今日研修医に話したこと忘れずに書いておこうと思う。
1対1対応の話し。
若いドクターは国家試験の性質上そういう問題しか作れないことが原因かもしれないが、「1:1対応」を求めるキライがある。紙をめくれば答えが書いてあるというような診断方法を我々はとっていない。
なぜなら一つ一つの情報のその疾患に対する重みが別々にあり、それらはすべてが完璧に診断の正当性を証明するものではないからだ。
「1:1対応」を探しに行くと、たとえば「30才男性が3日前からおへそから汁の様なものがでていて、今日から痛みが強くなり熱もでてきたので来院。おなかにtapping pain があり、腹膜炎が考えられるのでCT をとってもよいですか?」などという思わす吹き出してしまうプレゼンになる。
cartnett  sign など必要なく腹壁内膿瘍?とわかる。
また逆もあり、60才男性が昨日CS施行。本日より左腹部の痛みを訴え来院、かかとを落としても腹痛は誘発されず、腹膜炎は考えにくいと思います。」というのもおかしい。これらはどちらとも 腹膜刺激症状と腹膜炎の「1:1対応」を ”より所” に診療をしている証拠ではないかと考える。
「答えをめくりにいく診断」ということになるが、だとすると、病歴も身体所見も高い特異度を持つもものさえあればそれ以外は必要ないということになる。
ところが特異度も感度も100%という診断法は病理を含めてもなかなかなく、結局判断するのは主治医!ということがこの仕事をしているど段々わかってくる。「答えは自分で出すしかない!」検査データーでもなく、画像所見でもない!これはわたしが常々口にしていることである。

そしてその「総合的」をなおかつ複雑にするのはそれぞれのS)0)がすべてその疾患にとってのパワーが違うからである。そのパワーを認識せずに「ぼうずめくり」のように検査を思考していると、その検査をしたために見つけたことを支持する論理がなく、この次も坊主めくりを繰り返すことになる。はたまた検査をしなかった理由も自分のなかの基準がないままで失敗したりすると、ふわふわと浮いた基準でおびえながら検査の閾値を下げ、その医師はそこまでの医師となることになる。

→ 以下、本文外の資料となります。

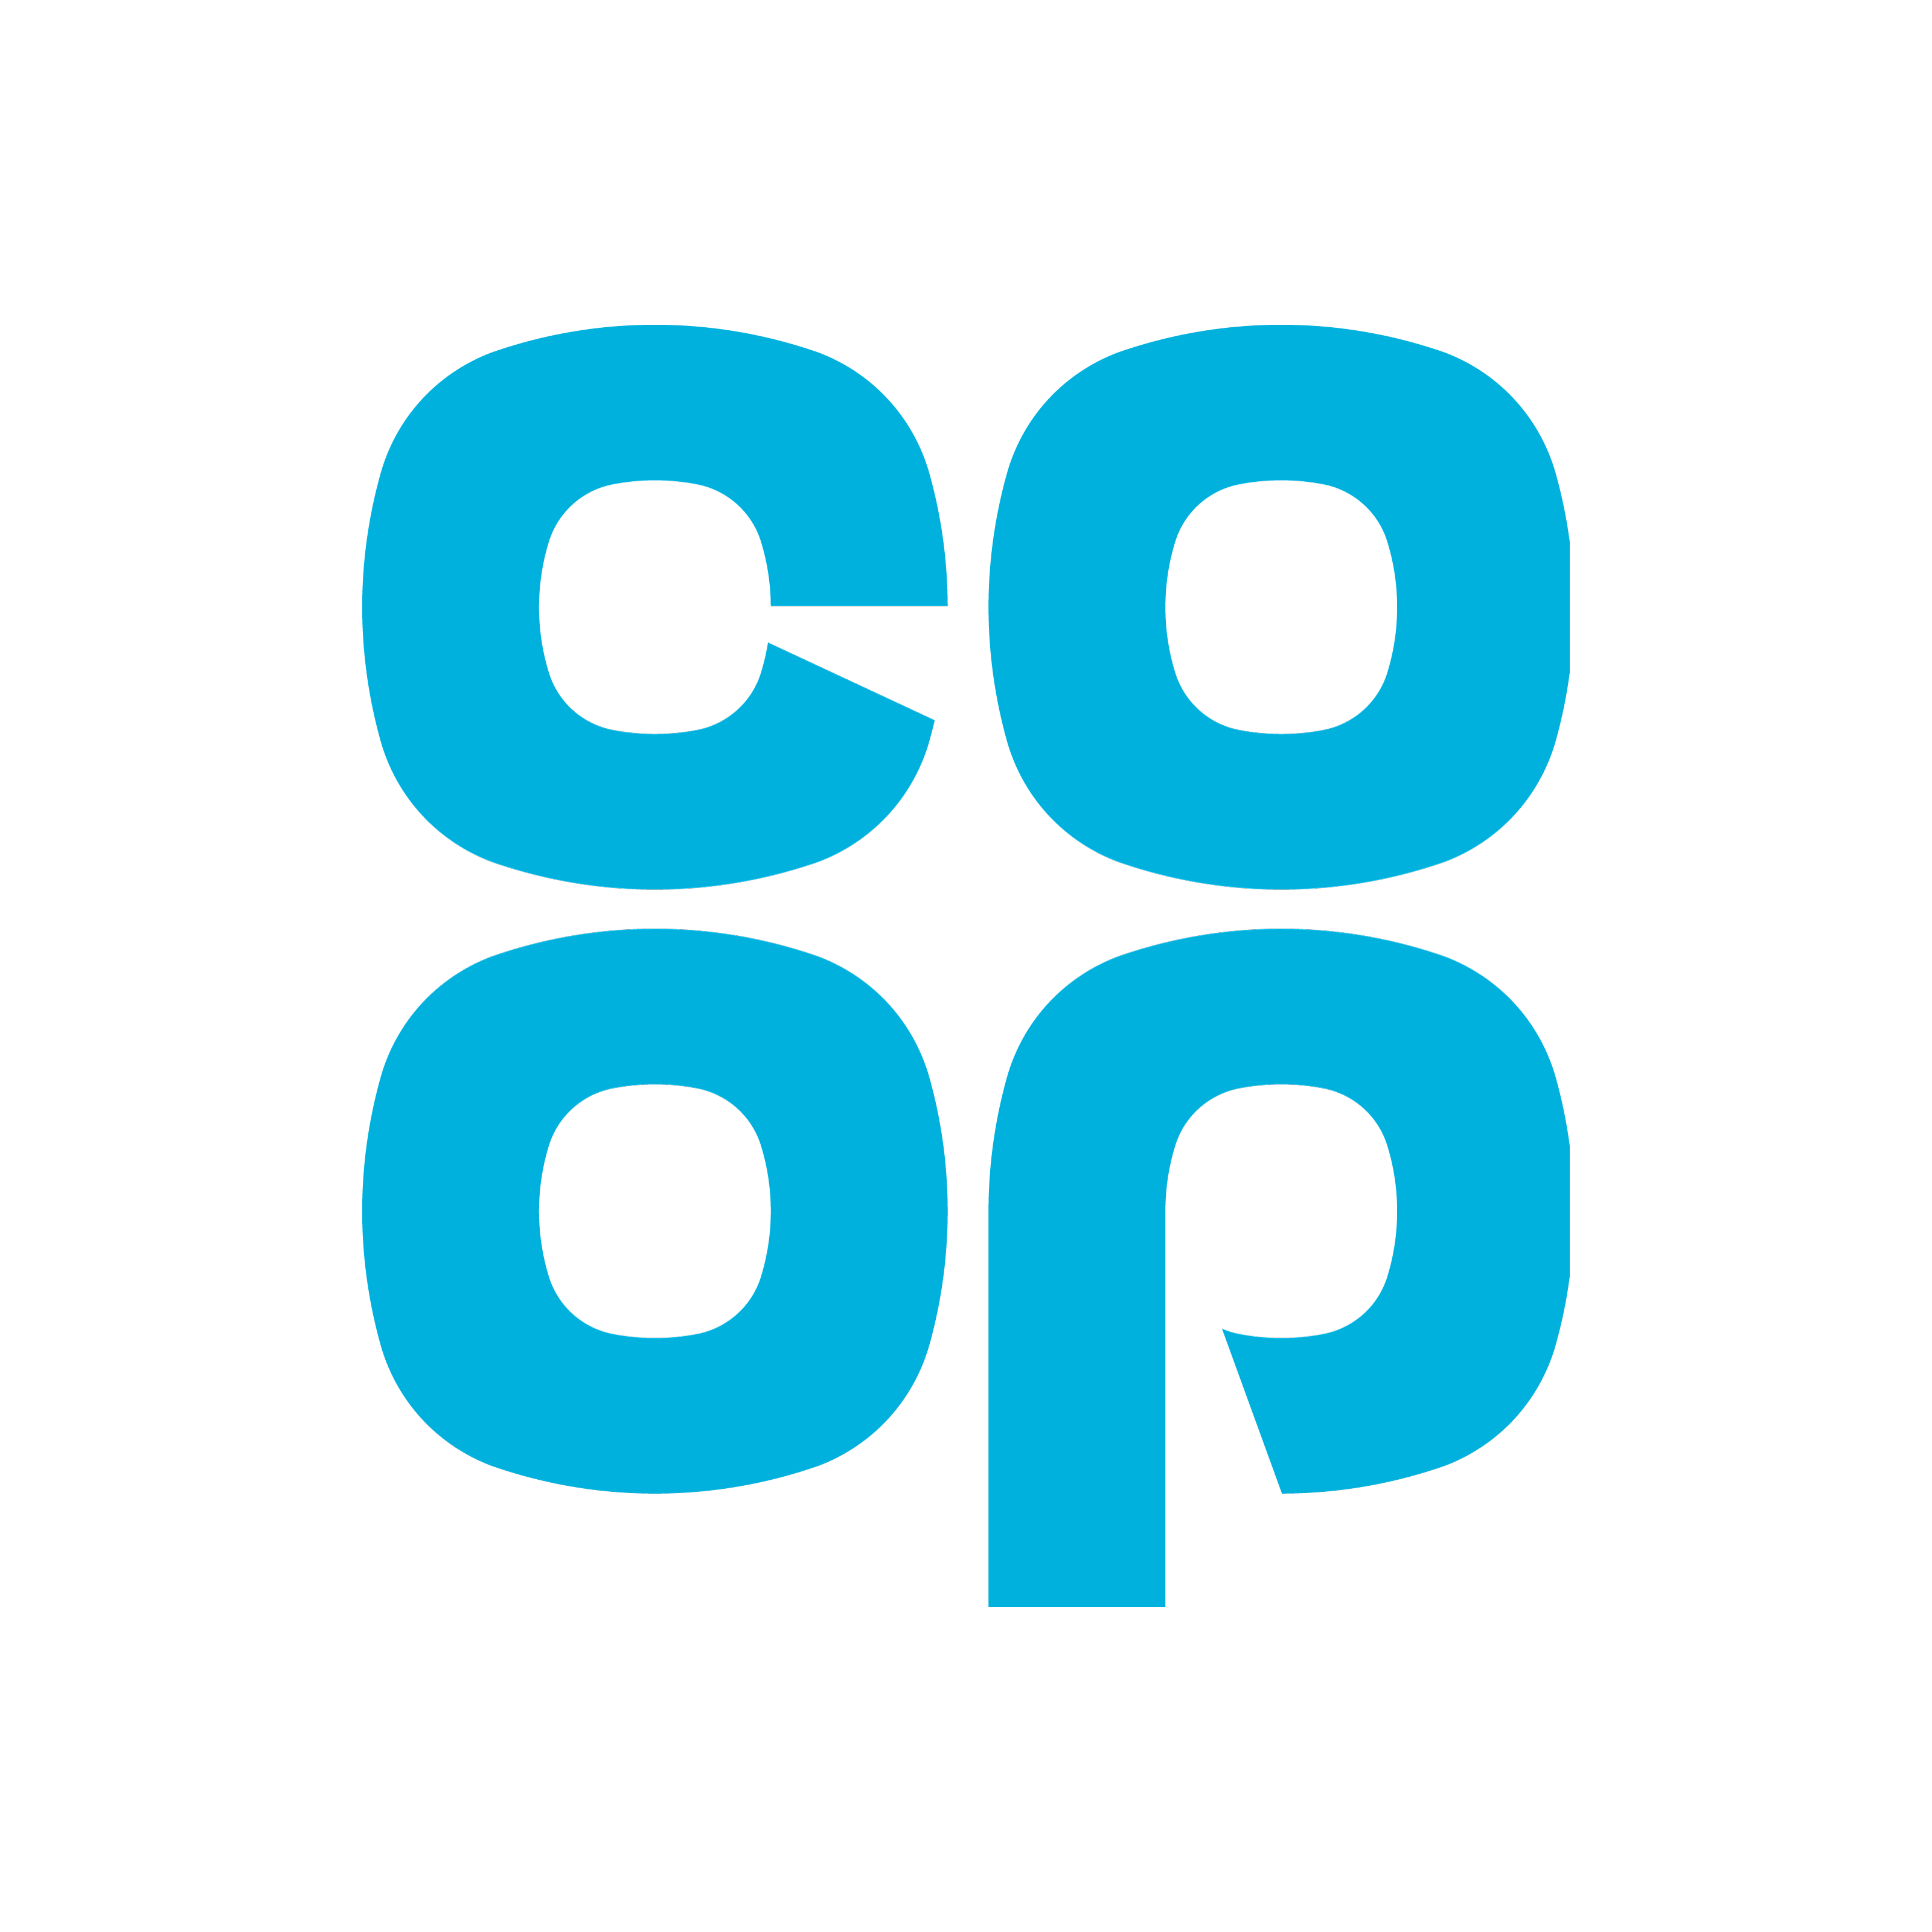 Cooperative Logo - The Co-operative Group | ThoughtWorks

専門医を長くやっているとそういった失敗例は強く脳裏に焼き付くことになり、ヒューリスティックエフェクトと、エピデミオロジカルの間にたつことが出来きる人はよいが、でなければ結果のみを最終結論とする医師となっていく。この方法は日本の保険体制のなかで守られており、ある意味すばらしいことであるが、逆にこれが保険医療自体の首をしめ、被保険者に影響を及ぼし始めているのが今日の日本の姿でもある。
NNE(number need to examination) はいくら高くてもよいらしい。すばらしい国である。(決して皮肉ではなく)
しかし、先ほども述べたように、坊主めくりをしていると自分のなかのぶれが強くなりすぎて、いろんな擬陽性偽陰性にいちいち振り回されることになる。それらをたどって"総合的に"判断するのではない。
もともとのその患者の仮説があるからこその検査なのだ。
その土壌を間違えなければ、検査の結果が予想外だったとしてもぶれることなないという例をひとつ見せて説明した。
SJS疑いの患者late Crackle が両肺から聴取されたためにCTを撮影。読影結果は"誤嚥性肺炎?"VATSをしたら病理結果はNSIPもしくはUIP 結局、画像だけをみればそう判断してもおかしくないというレベルまでしか読めない結果はたくさんあり、病理させそういうことがある。しかし軸がしっかりしていれば主治医がぶれる必要はない。
今日はそんな話だった。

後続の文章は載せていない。